Advanced FL Strategies
This page covers Byzantine-robust aggregation (defending against malicious or faulty clients) and specialized training objectives (AUC, fairness, tail-risk) for federated learning.
Byzantine Robustness
Byzantine-robust FL protects training against adversarial, faulty, or poisoned client updates. With standard FedAvg, a single malicious client can dominate the aggregated update by sending gradients with 100x the magnitude of honest updates.
Threat model
Byzantine clients deviate from the expected protocol due to malicious intent (crafted updates to degrade the model), data poisoning (corrupted local data), model poisoning (directly manipulated gradients or backdoor injection), or hardware/software faults (garbage updates from memory errors or numerical overflow).
Common attacks include gradient scaling, sign flipping, backdoor injection, label flipping, free-riding, and Sybil attacks.
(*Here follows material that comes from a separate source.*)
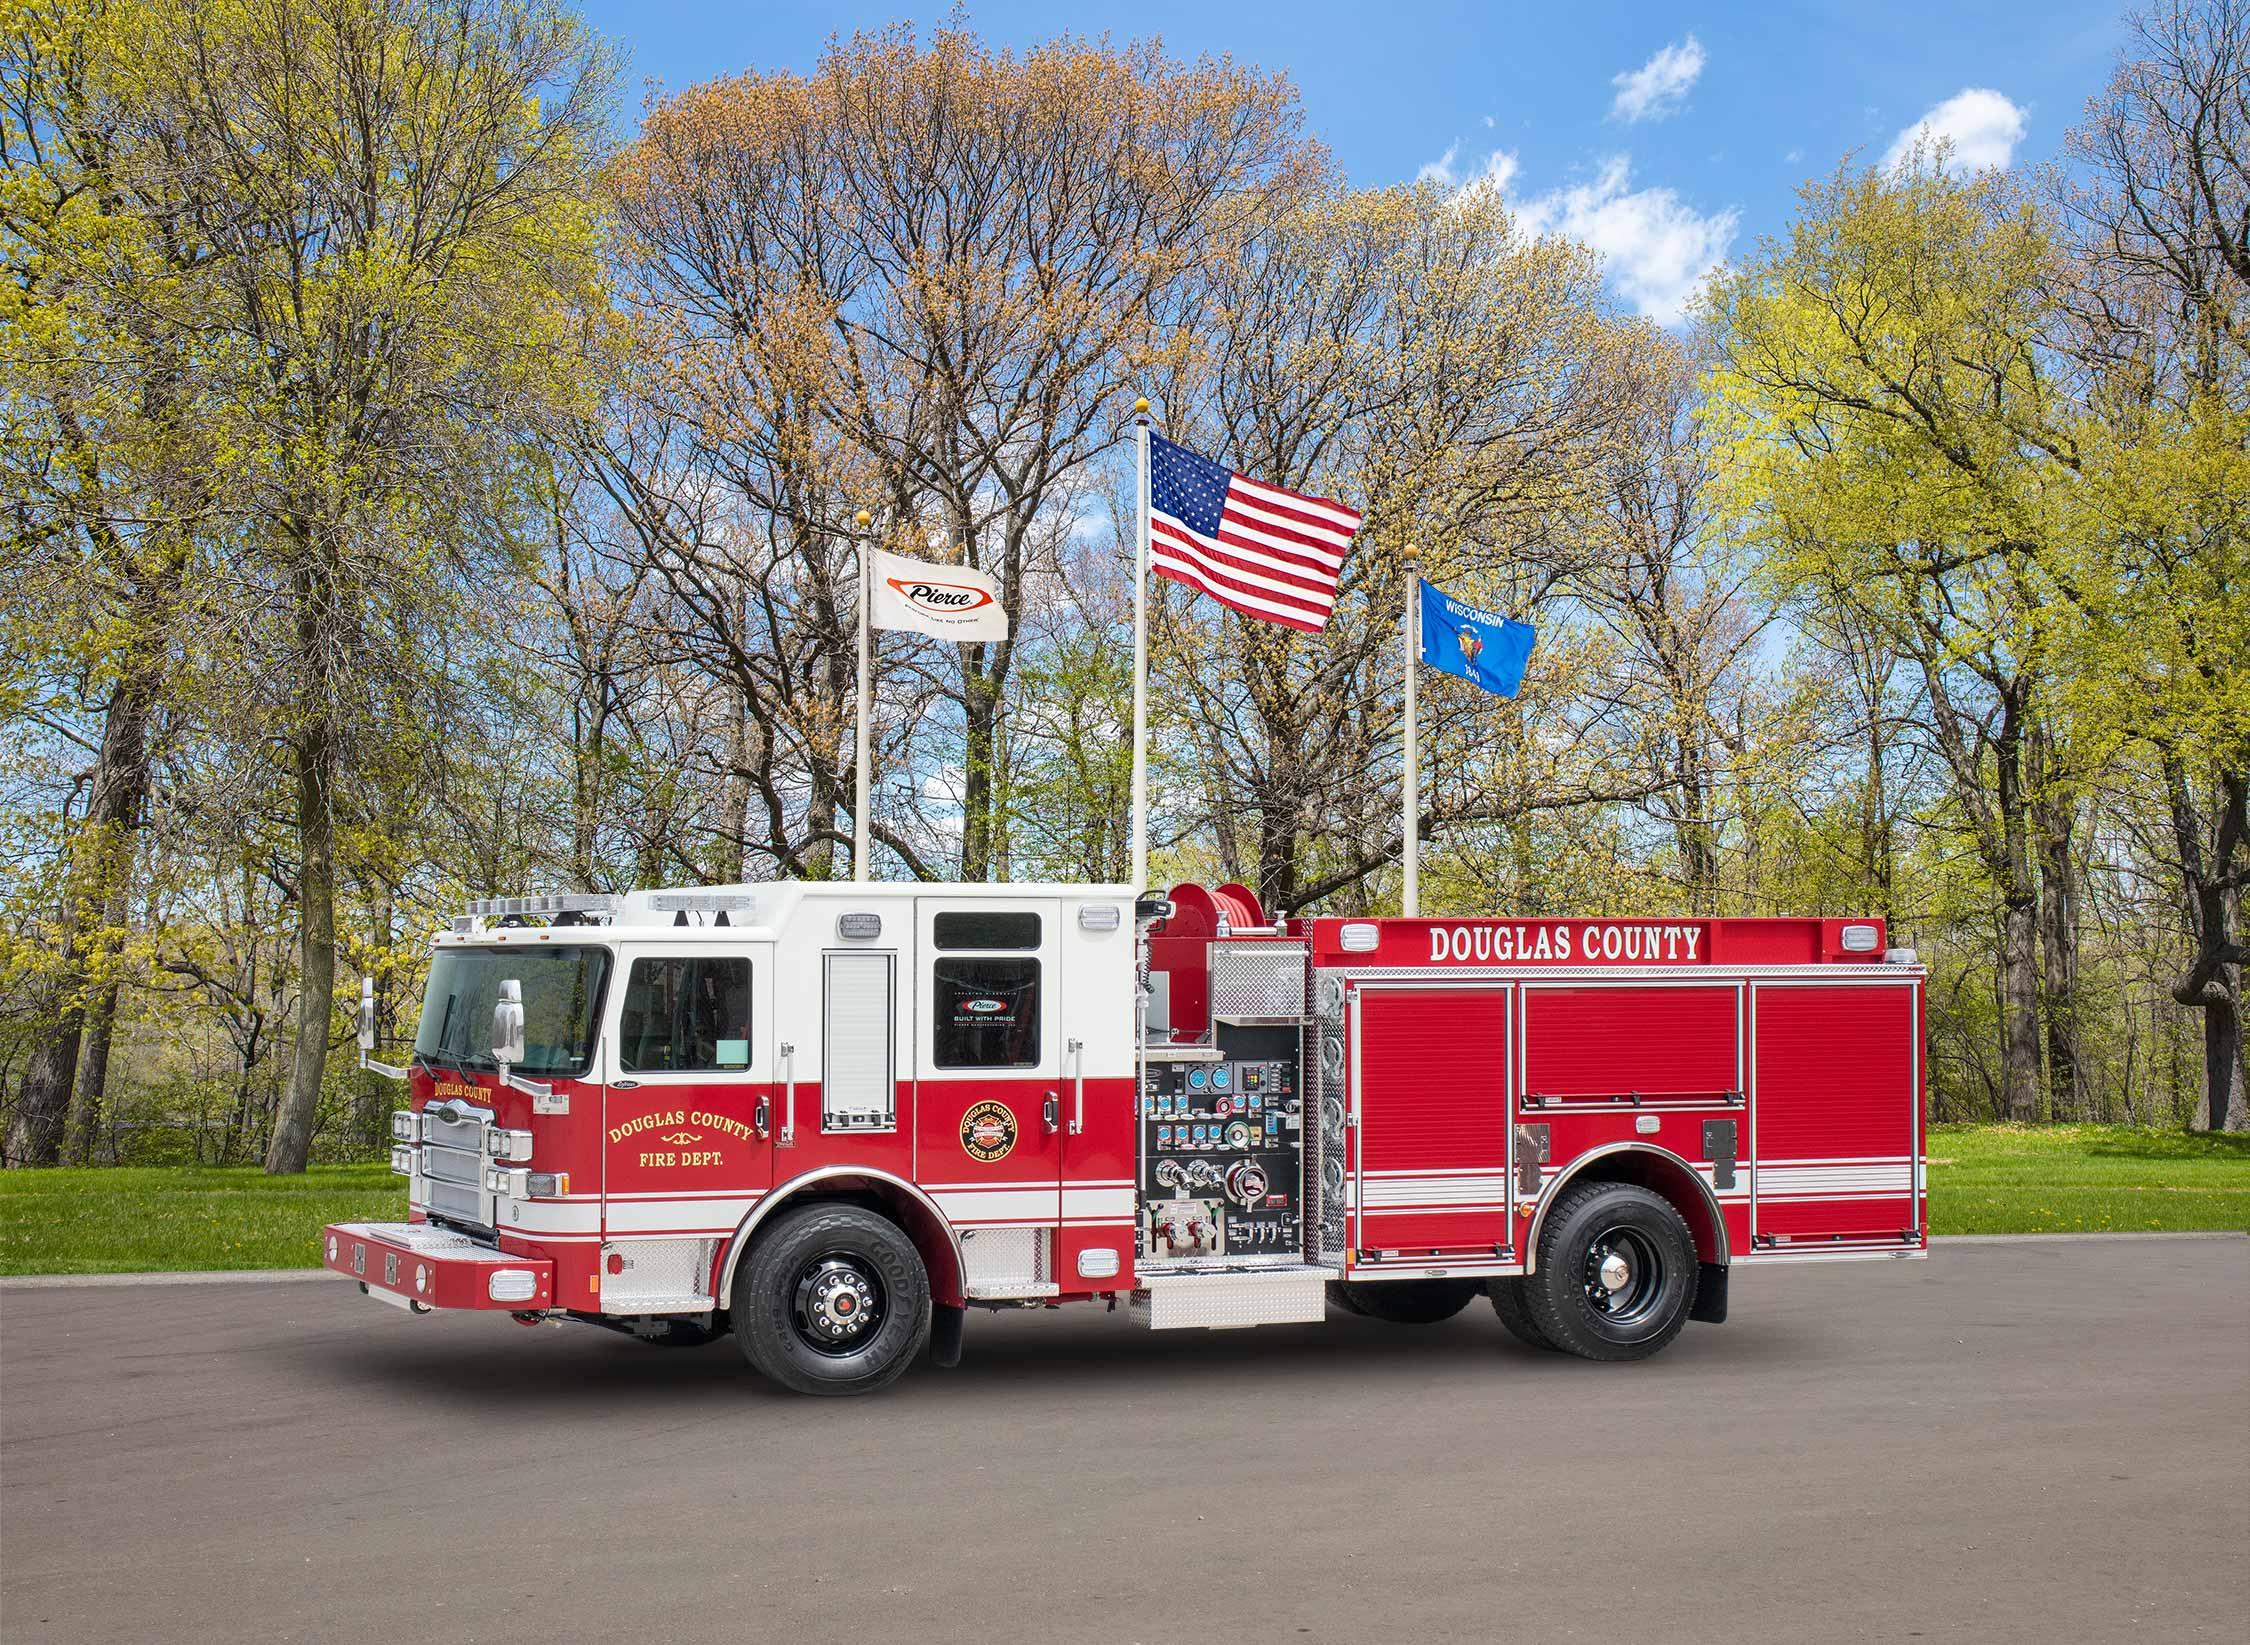 Douglas County Fire Department - Pumper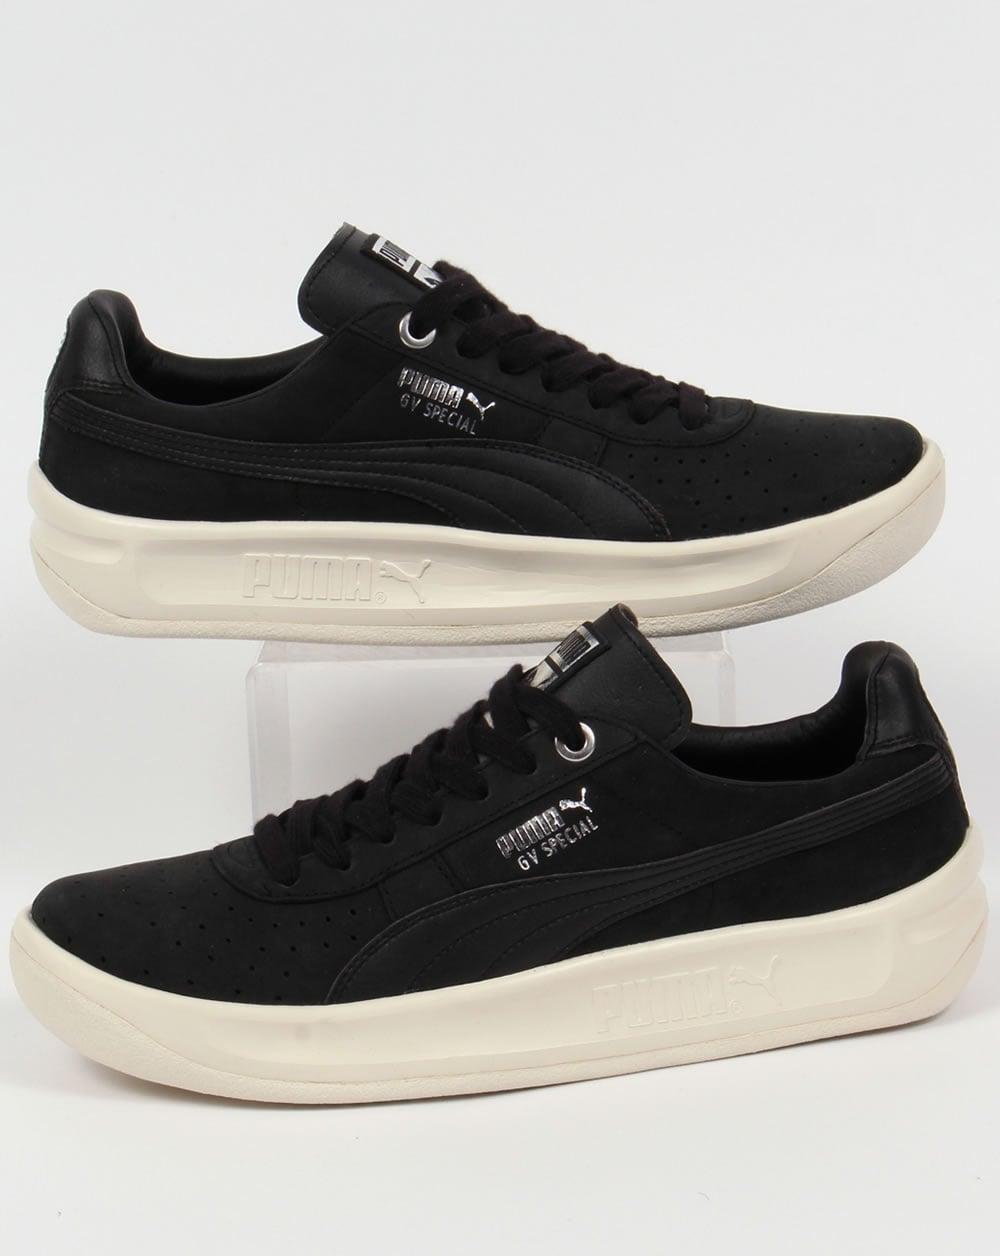 new arrival c6dfe e2d4d Buy puma gv,slippers puma,Fine - Shoes Discount for sale

Robust aggregation strategies
Octomil provides four Byzantine-robust aggregation strategies that replace FedAvg's naive averaging.
Krum selects the single client update closest to its neighbors in parameter space. Tolerates a minority of Byzantine clients. Works best with 10-100 clients.
Multi-Krum extends Krum by selecting the top k closest updates and averaging them. Set k = n - f to select all clients except suspected Byzantine ones.
FedMedian computes the coordinate-wise median of all client updates. No need to specify num_byzantine in advance. Robust to a significant fraction of corrupt values.
FedTrimmedAvg sorts updates along each coordinate, removes the top and bottom beta fraction, and averages the rest. A natural middle ground between FedAvg and FedMedian.
Configuring robust aggregation
from octomil import Federation
federation = Federation(api_key="edg_...", name="my-robust-model")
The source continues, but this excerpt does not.